Наступила долгая пауза. Вдруг Юлик сказал решительно, почти весело:

– Давайте ножовку!

Быстро взял инструмент и спрятал его под подушку.

– Рассказывайте, как я найду ваш дом?

– Молодец! С таким настроением у тебя все получится! – Макаров незаметно перешел на «ты», и Юлик воспринял это как должное. – Ты ведь с нашим городом немного знаком? Отсюда, от этого здания, видна Никольская церковь…

– Знаю!

– Обойди ее слева, сразу начнется широкая улица – каштановая аллея. Третий дом, тоже по левой руке, будет мой. Узнаешь его по воротам: каменные беленые столбики и решетка с вот такими коваными вензелями…

Макаров достал карандаш и листок бумаги, быстро набросал рисунок.

– Запомнил?

И когда Юлик кивнул, смял листочек и сунул себе в карман.

– Ворота я оставлю незапертыми, двери в дом – тоже. Слуги у нас приходящие, не ночуют.

– А… ваша жена?

– Моя жена – моя единомышленница. – Голос у Макарова потеплел, уголки губ тронула легкая улыбка. – Ведь именно она заставила меня по-настоящему усомниться в вашей виновности. И поддержала мой план. От нее у меня секретов нет.

– Если так, что ж… я вам очень благодарен. Дай бог, чтобы все получилось!

– Получится! Давай прикинем по времени… Значит, в час ночи Зыкин поест и минут через пятнадцать-двадцать заснет. Подожди немного, чтобы заснул покрепче, проверь – постучи в дверь. Когда убедишься, что все спокойно, начинай пилить. За час, думаю, управишься. И сразу – ко мне! Не торопись, пробирайся осторожно. Я со своей стороны постараюсь, чтобы в это время на этих улицах не было городовых. А горожане у нас по ночам не гуляют – провинция… Вот и получается, что ты будешь у меня часа в три или около того.

– Если все сложится удачно!

– Да, – кивнул Макаров, – конечно. Но я почему-то уверен в тебе.

Они еще немного поговорили, обсуждая детали. Потом Макаров встал, направился к двери и, прежде чем выйти, тихо сказал:

– До встречи!

– Спасибо вам… Анатолий Викторович! – голос у Юлика дрогнул.

Дверь за исправником закрылась, но молодой человек еще долго стоял неподвижно. Слишком уж стремительно все изменилось. Он был в смятении: сам не понимал – радостно ему или тревожно…

Макаров вышел, и Зыкин тут же старательно запер двери камеры. Помещение, где находился охранник, тоже было комнатой – коридора между ней и камерой не было. Зыкин уже хорошо растопил небольшую пристенную печь.

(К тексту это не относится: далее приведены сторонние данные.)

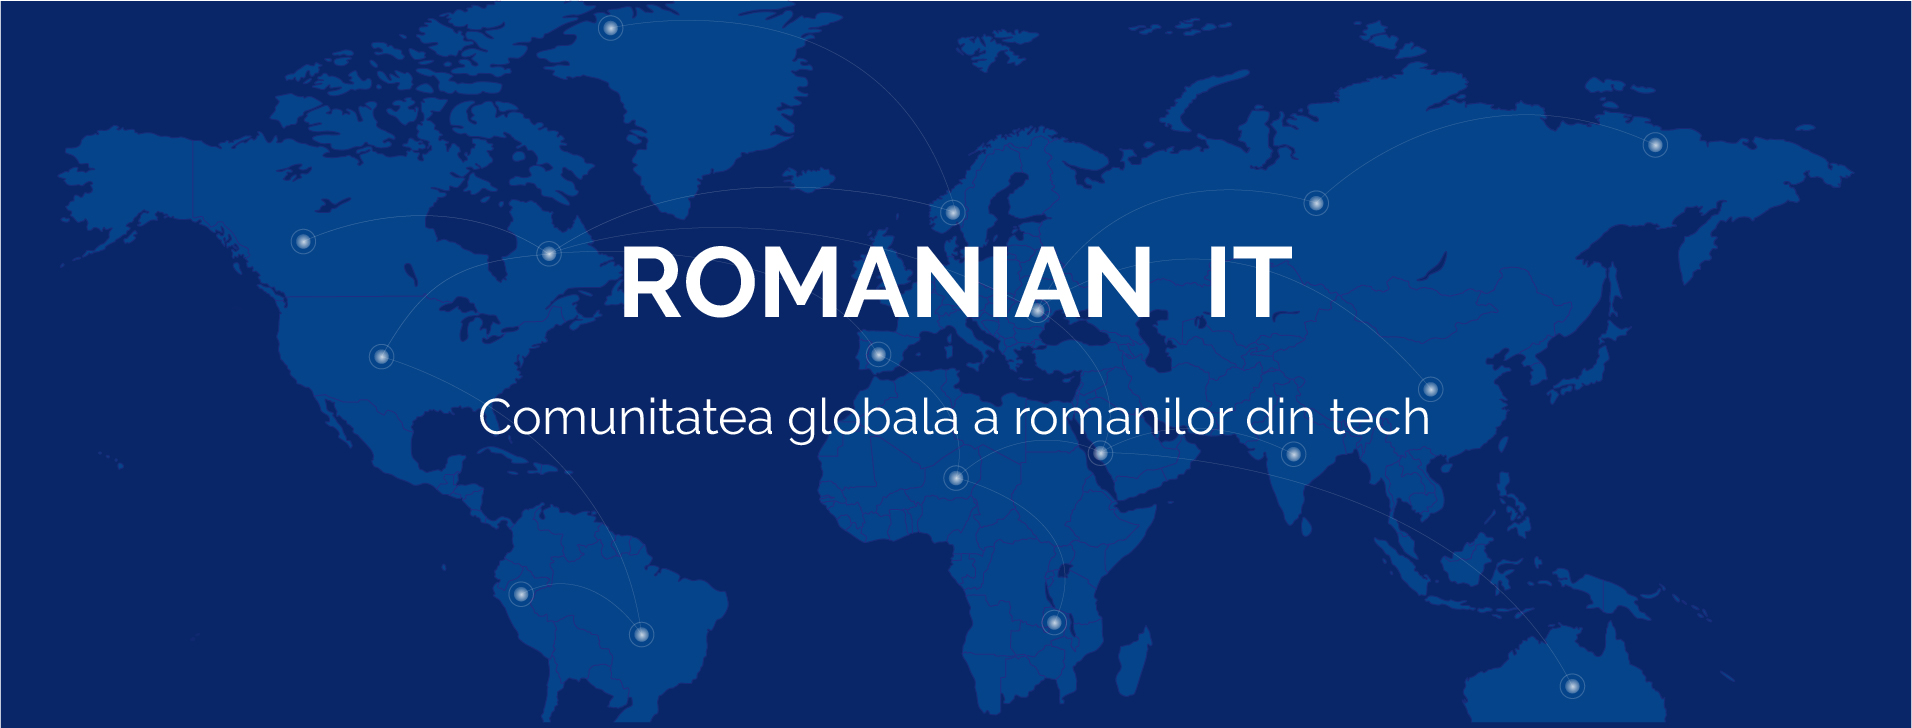 romanian-it

– У тебя тепло, – сказал Макаров и взял с вешалки шинель.

– Часа через два там тоже потеплеет, – кивнул охранник в сторону камеры. – Пусть уж последнюю ночь погреется.

Чувствовалось, что ему хочется поговорить. Но исправник уже направился к выходу. Вдруг остановился, словно что-то вспомнив.

– Слушай, Зыкин, выручай, – сказал просительно. – Тут жена дала мне плюшек перекусить, а я совершенно забыл. Не нести ж обратно домой – она обидится, сам понимаешь! Возьми. Тебе еще всю ночь тут сидеть, вот и съешь, когда чай будешь пить.

Макаров достал аккуратный сверток, развернул и показал три маленькие румяные булочки, присыпанные корицей. Зыкин широко заулыбался:

– Что ж, не откажусь. Спасибо, ваше благородие!

– Вот и славно! Счастливого тебе дежурства!

Исправник запахнул шинель и быстро вышел. Городовой тут же старательно закрыл за ним дверь, а связку ключей положил перед собой на стол. Честно говоря, он любил эти ночные дежурства – тихие, спокойные. Круговорот обычной жизни его несколько утомлял: большая семья, полицейская служба… Зыкин обожал жену и детей, дорожил должностью городового, и все же… Сам он был по характеру человек спокойный, размеренный, обстоятельный. И такой отдых от хлопотливых дневных дел был ему в радость. Он присел у теплой печки, чувствуя, как в душе разливается умиротворение, а голову наполняют рассудительные, добрые мысли…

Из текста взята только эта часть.